Elle a ressenti beaucoup de colère mais jamais envers Jeanne Auger. «Elle est une top! Elle a eu un accident mais c'est un accident qui aurait pu arriver à n'importe qui. Elle a quand même perdu son enfant dans cet accident. C'était lui qui était assis par terre; les miens étaient attachés. Je dirais que Jeanne a plutôt perdu huit enfants dont un de son propre sang», confie-t-elle.

Carolle a toutefois su bien s'entourer. Elle a aussi arrêté d'écouter tout le monde. «À un moment, tu dois avancer ou dégringoler. J'ai alors commencé à me faire une carapace. Il a fallu la naissance de Yan pour que je commence enfin à tourner la page», précise-t-elle.

Bébé miracle

La vie a su trouver son chemin, même auprès de cette jeune femme qui avait subi une stérilisation.

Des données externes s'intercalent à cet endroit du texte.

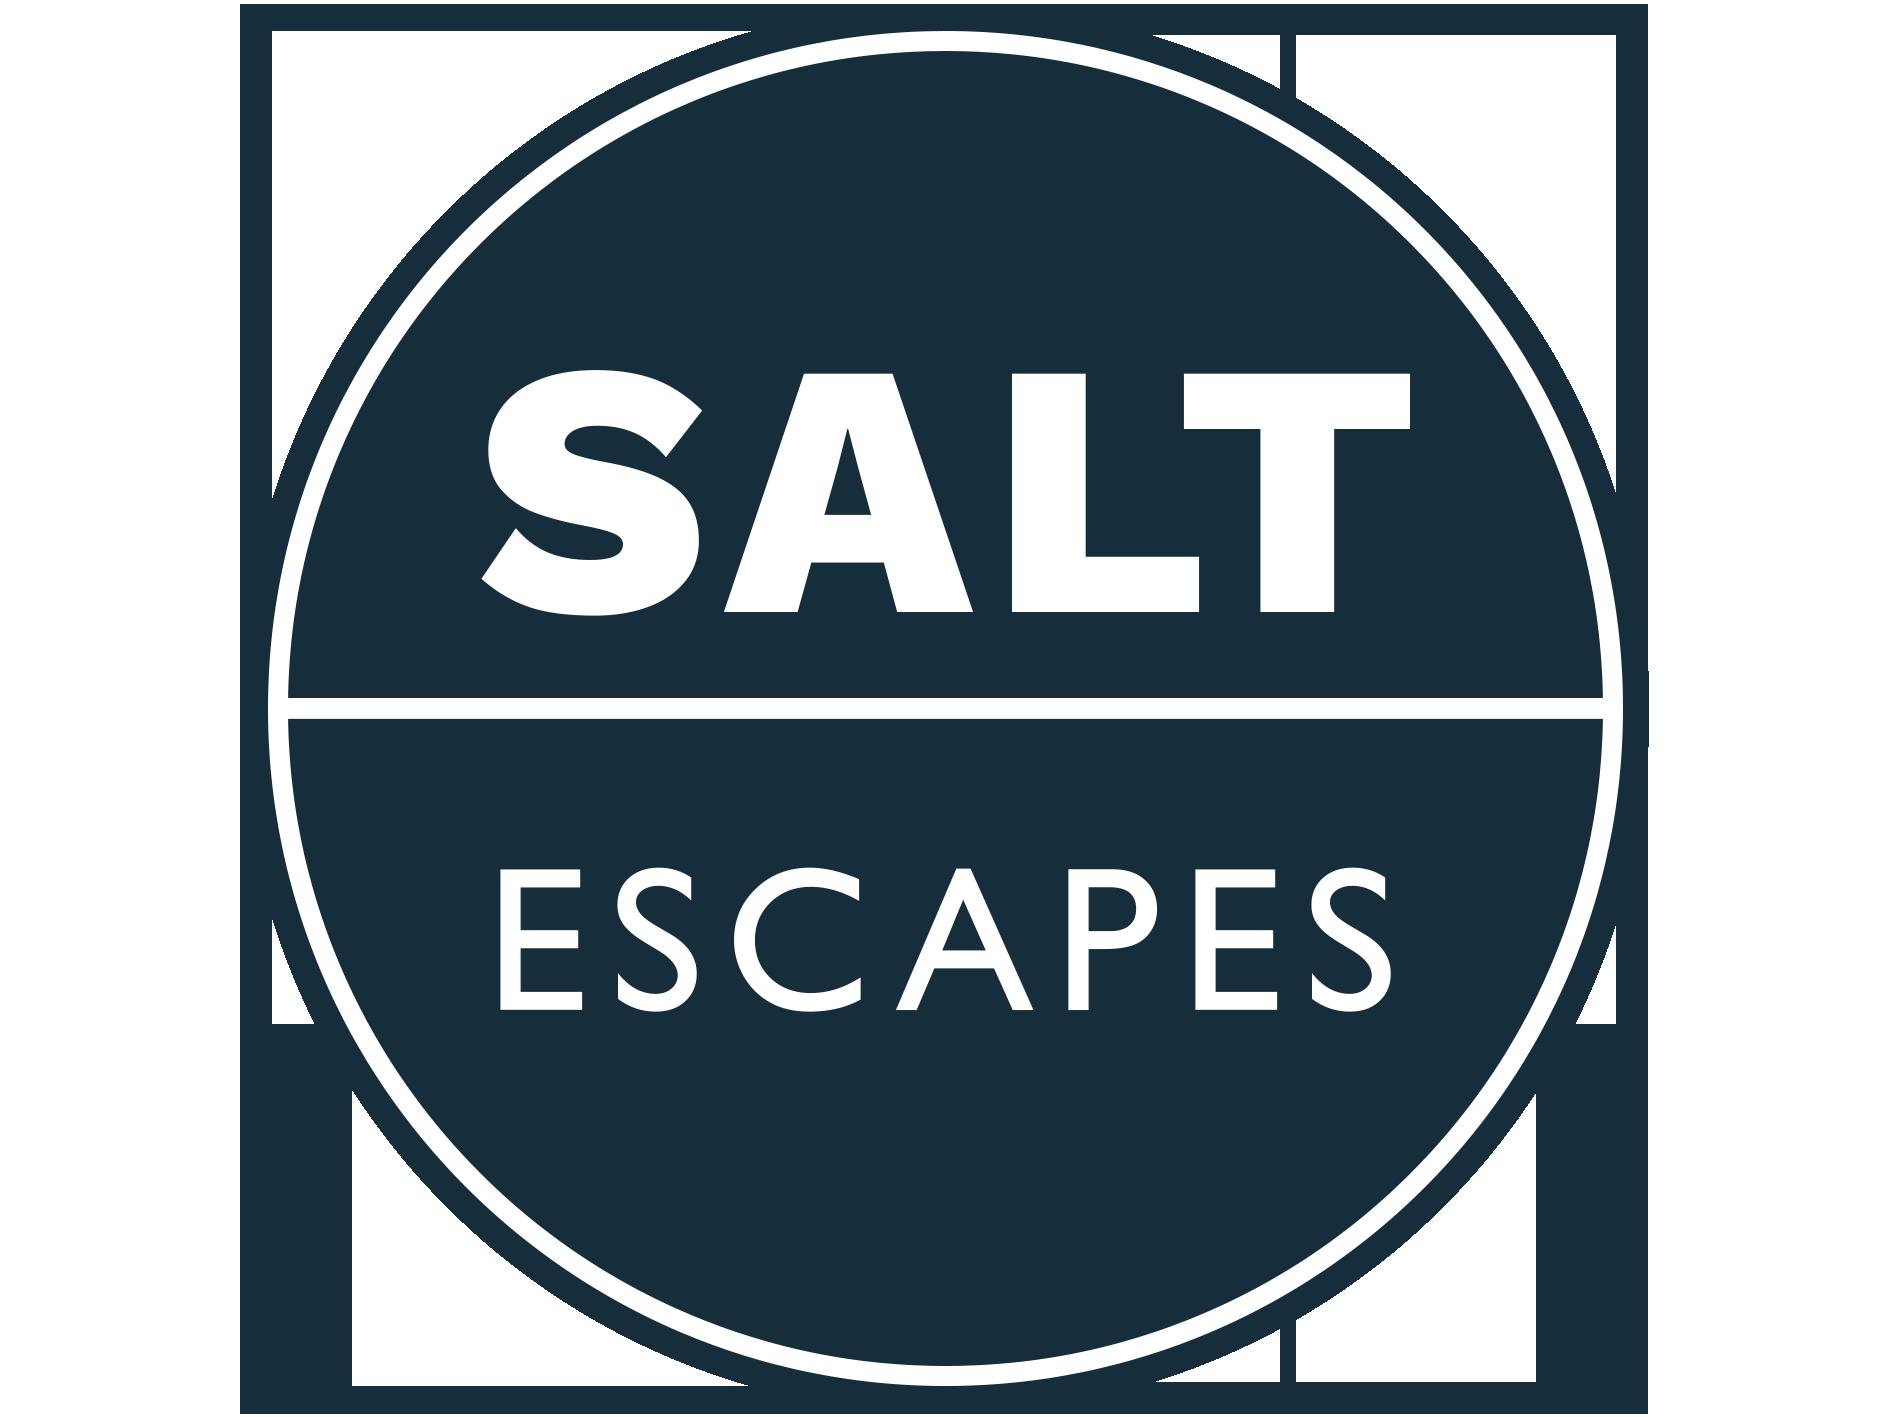 Salt Escapes logo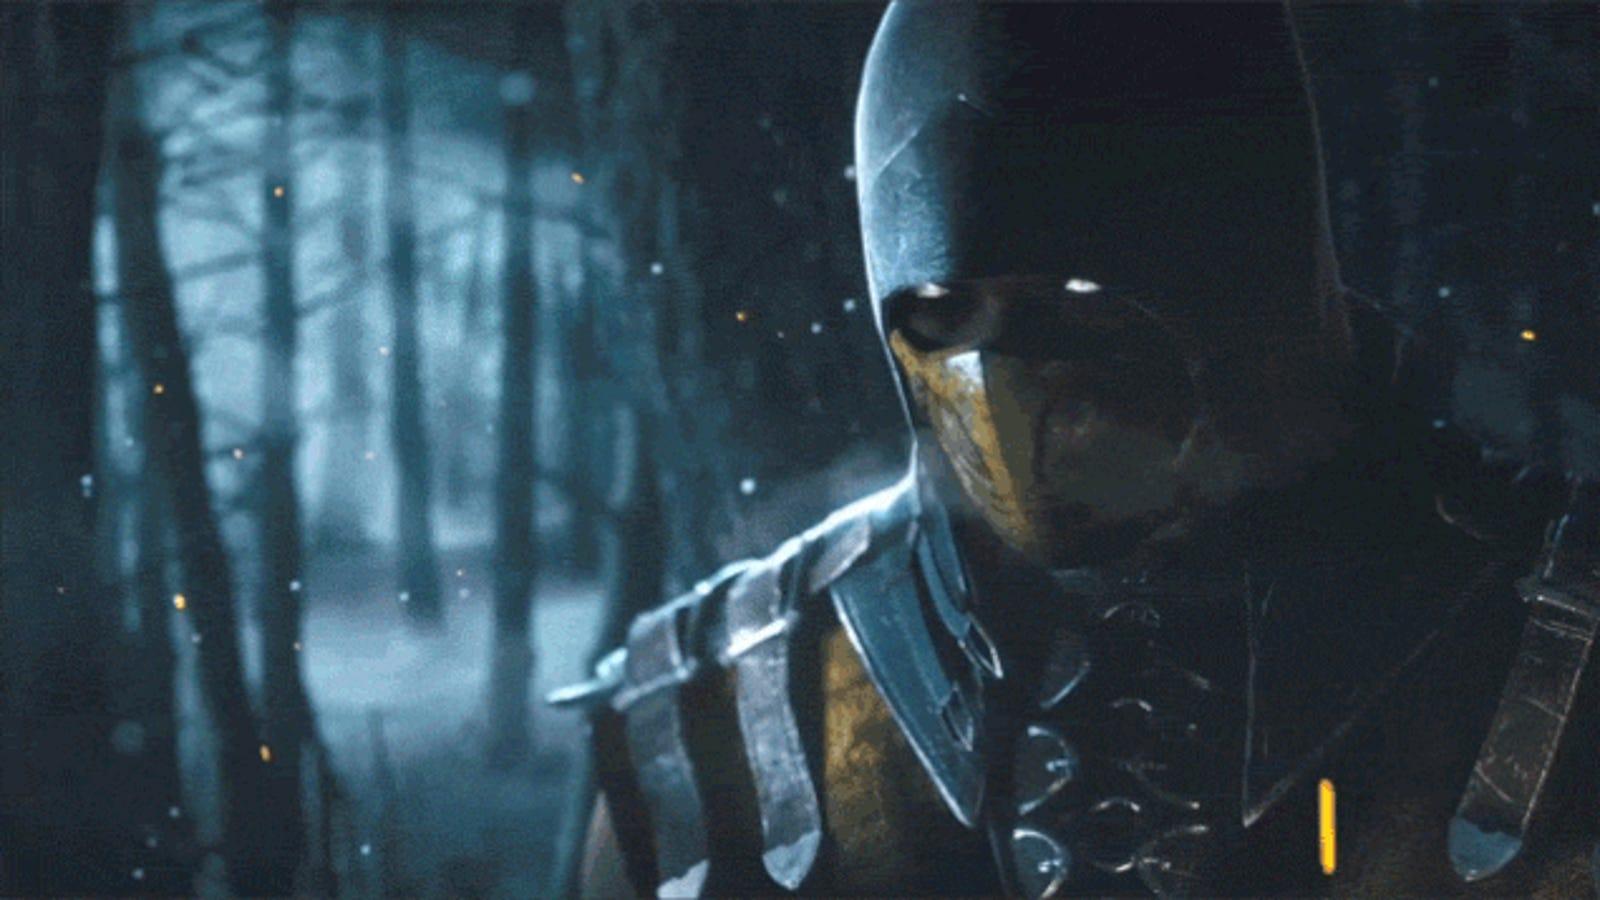 Este es el primer tráiler del próximo videojuego de Mortal Kombat

«Au début, je ne voulais rien savoir d'un autre enfant, car je ne voulais pas remplacer Kevin et Stecy, surtout que je les pleurais encore à tous les jours. Je vivais par leurs photos. Le matin, je leur disais bonjour et le soir, bonne nuit», explique-t-elle.

Pourtant, ses amis, l'une d'elle tout particulièrement, ont su trouver les mots pour la convaincre qu'elle avait suffisamment d'amour en elle pour aimer un autre enfant. «J'ai été opérée il y a cinq ans. Il s'agit d'une réanastomase. J'avais une chance sur cinq de tomber enceinte. Trois mois plus tard, c'était fait. Yan était en route», indique-t-elle, le sourire aux lèvres.

Pourtant, la grossesse a été particulièrement difficile. Encore plus l'accouchement.

«J'ai revécu la mort de mes enfants en accouchant. Quand on dit que le corps nous parle... Mes émotions étaient partagées entre le bonheur et la tristesse. Je pleurais sans arrêt. Puis, quand Yan est arrivé, ce fut autre chose. On l'a presque étouffé cet enfant-là. J'avais tellement peur que quelqu'un me le prenne. Tout était extrême au début de sa vie mais ça se replace peu à peu. Je le laisse respirer», souligne-t-elle.

Aujourd'hui, elle avoue être heureuse. Comme dans bonheur avec un grand B?

«On peut redevenir heureux mais mon sourire ne sera plus jamais le même. Je n'ai plus l'éclat que j'avais avant; il n'y a plus ces étoiles dans mes yeux. Je crois qu'on ne passe jamais à travers le décès d'un enfant mais on peut juste réapprendre à vivre d'une autre façon. Yan m'a permis d'entreprendre le début de mon deuil. C'est mon bébé miracle», conclut-elle.